■ Available records ■

*** Block opens ***

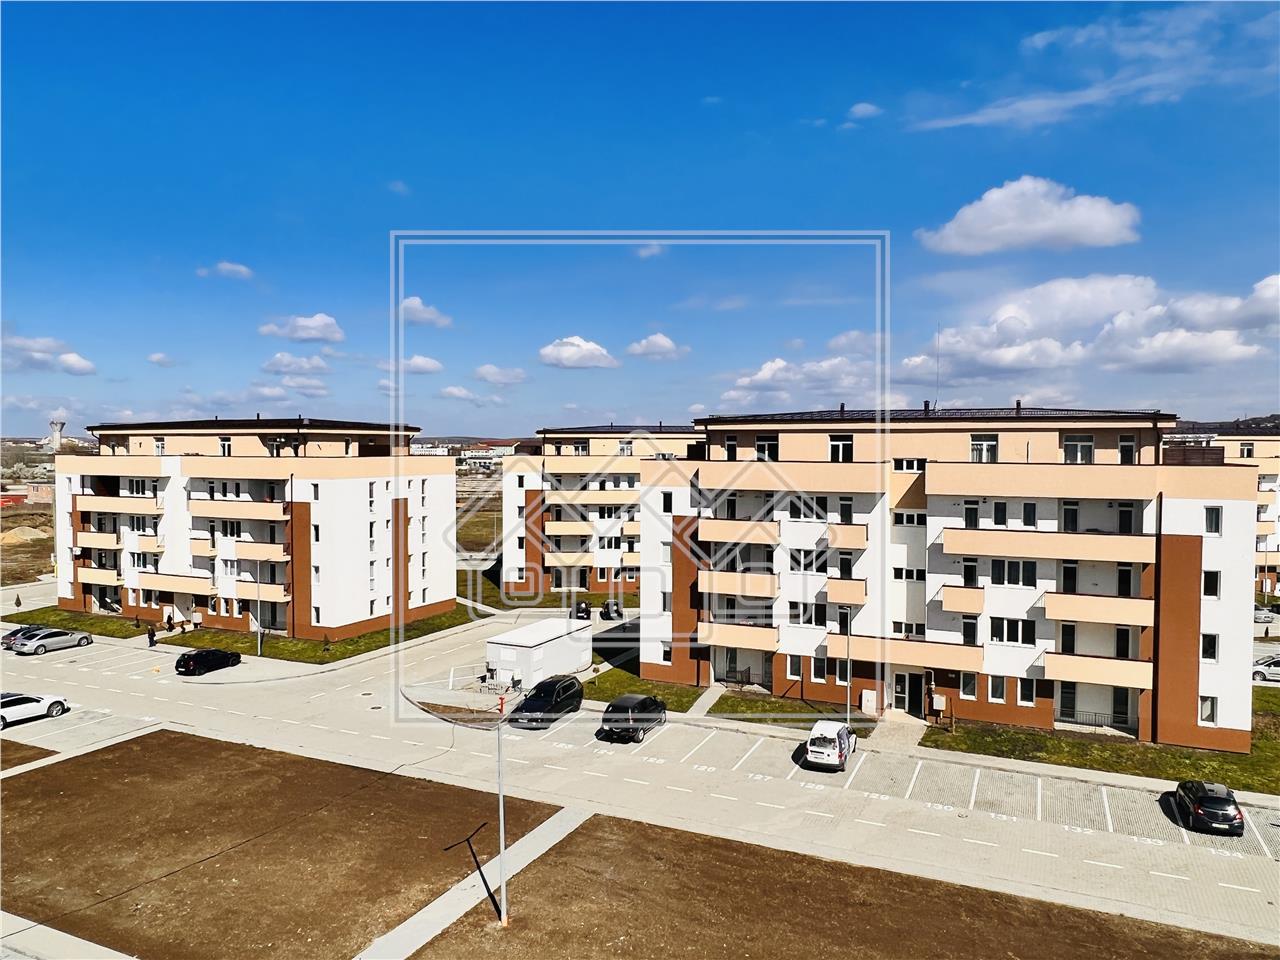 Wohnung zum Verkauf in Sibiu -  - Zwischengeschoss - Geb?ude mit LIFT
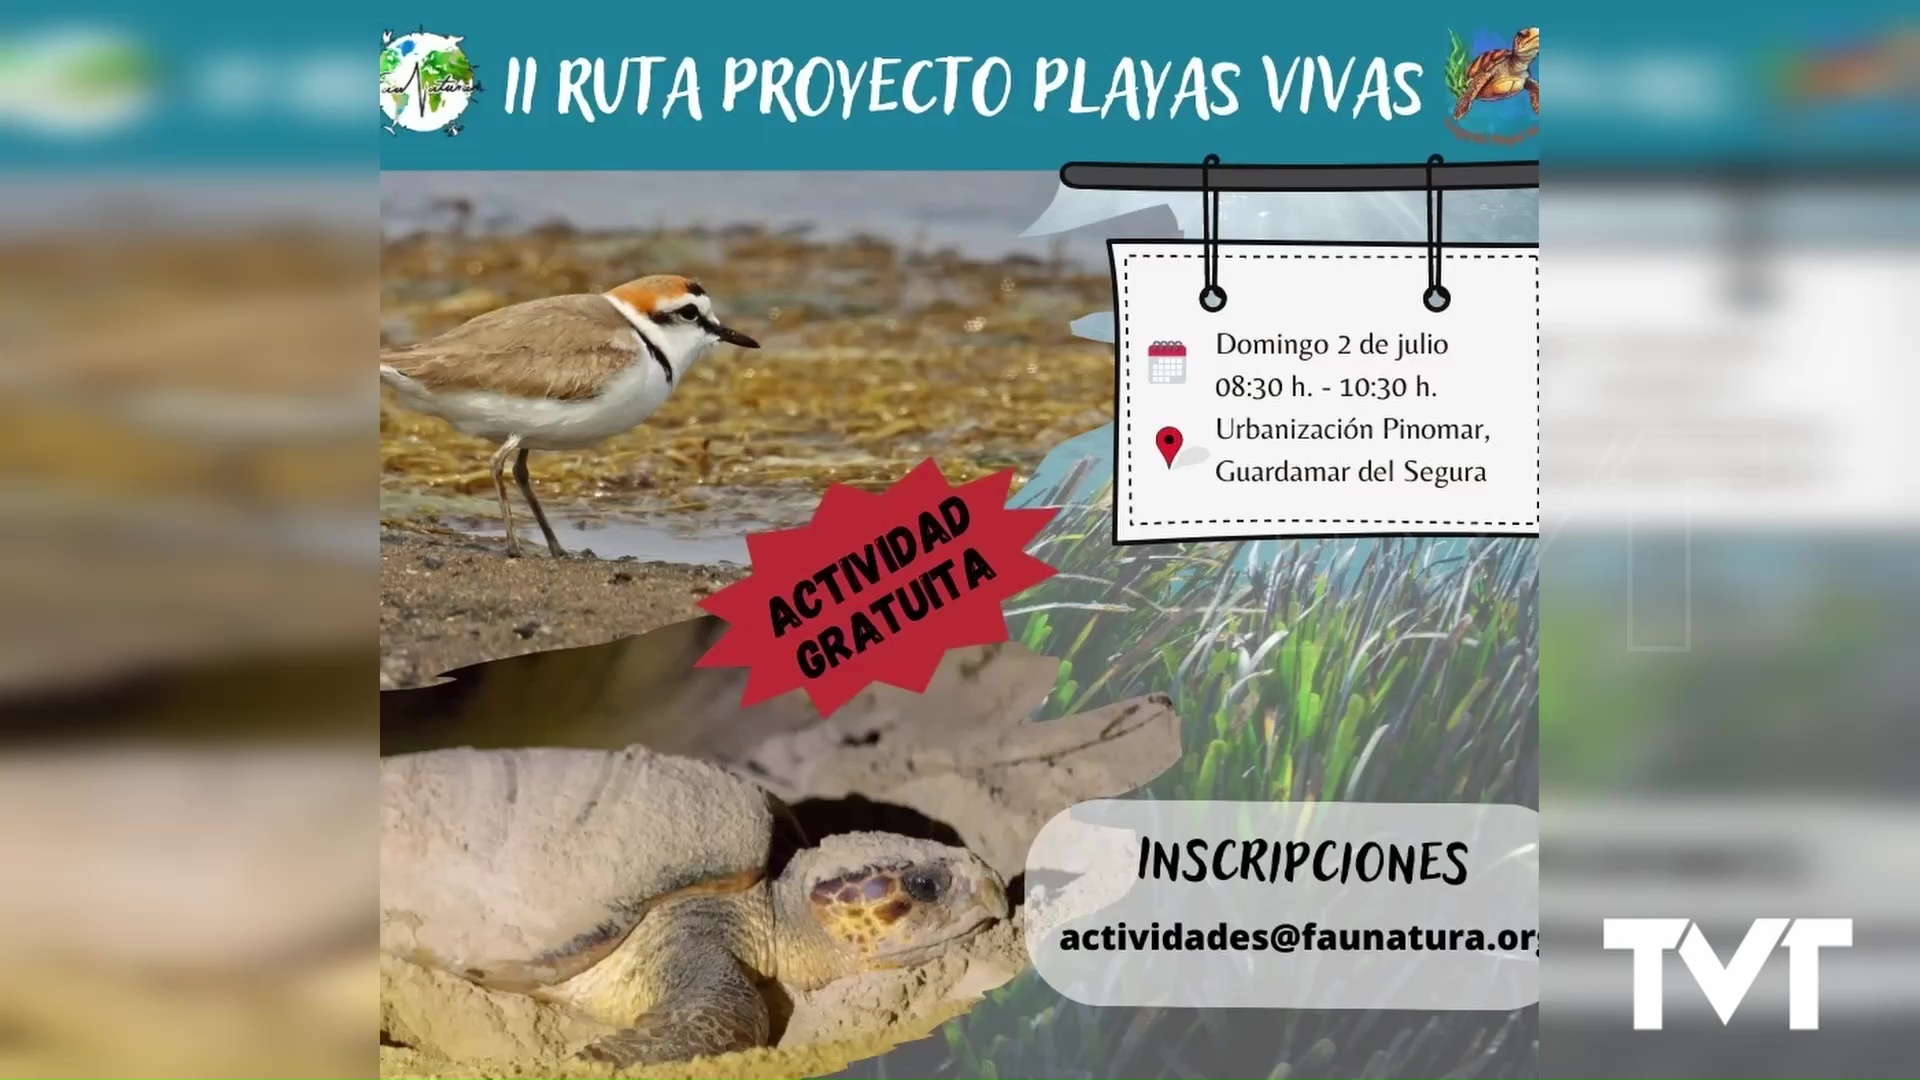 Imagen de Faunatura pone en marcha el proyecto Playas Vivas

*** Block closes ***
*** Block opens ***

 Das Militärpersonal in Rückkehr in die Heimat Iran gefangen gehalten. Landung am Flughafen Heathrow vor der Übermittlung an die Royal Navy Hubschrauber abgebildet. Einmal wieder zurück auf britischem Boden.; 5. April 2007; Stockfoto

*** Block closes ***
*** Block opens ***

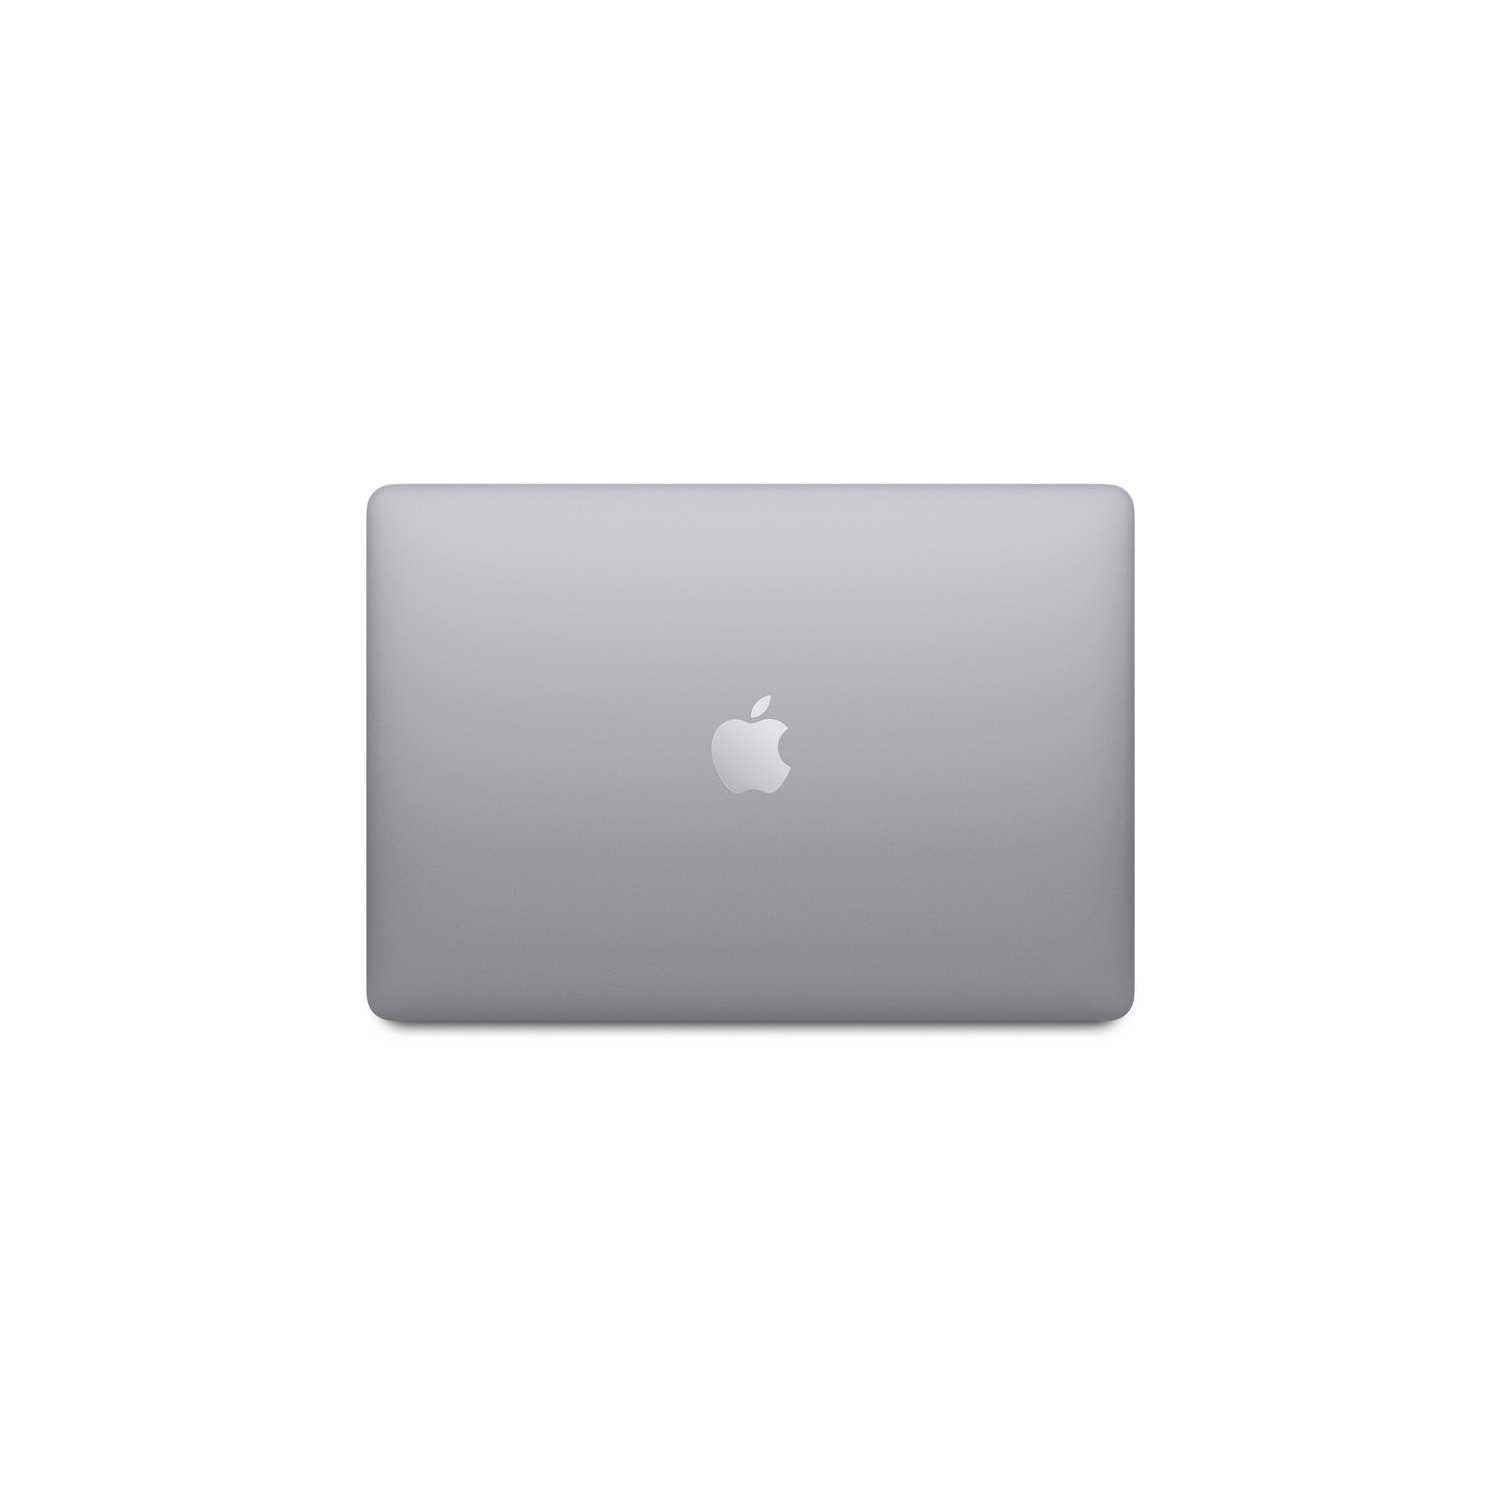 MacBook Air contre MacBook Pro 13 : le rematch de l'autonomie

*** Block closes ***

■ Task description ■
For this exercise, reproduce exactly the lines of the records above from the one with "Wohnung zum Verkauf" up to and including the one with "Imagen de Faunatura", without pictures.

■ Answer space ■
 Wohnung zum Verkauf in Sibiu -  - Zwischengeschoss - Geb?ude mit LIFT
 Imagen de Faunatura pone en marcha el proyecto Playas Vivas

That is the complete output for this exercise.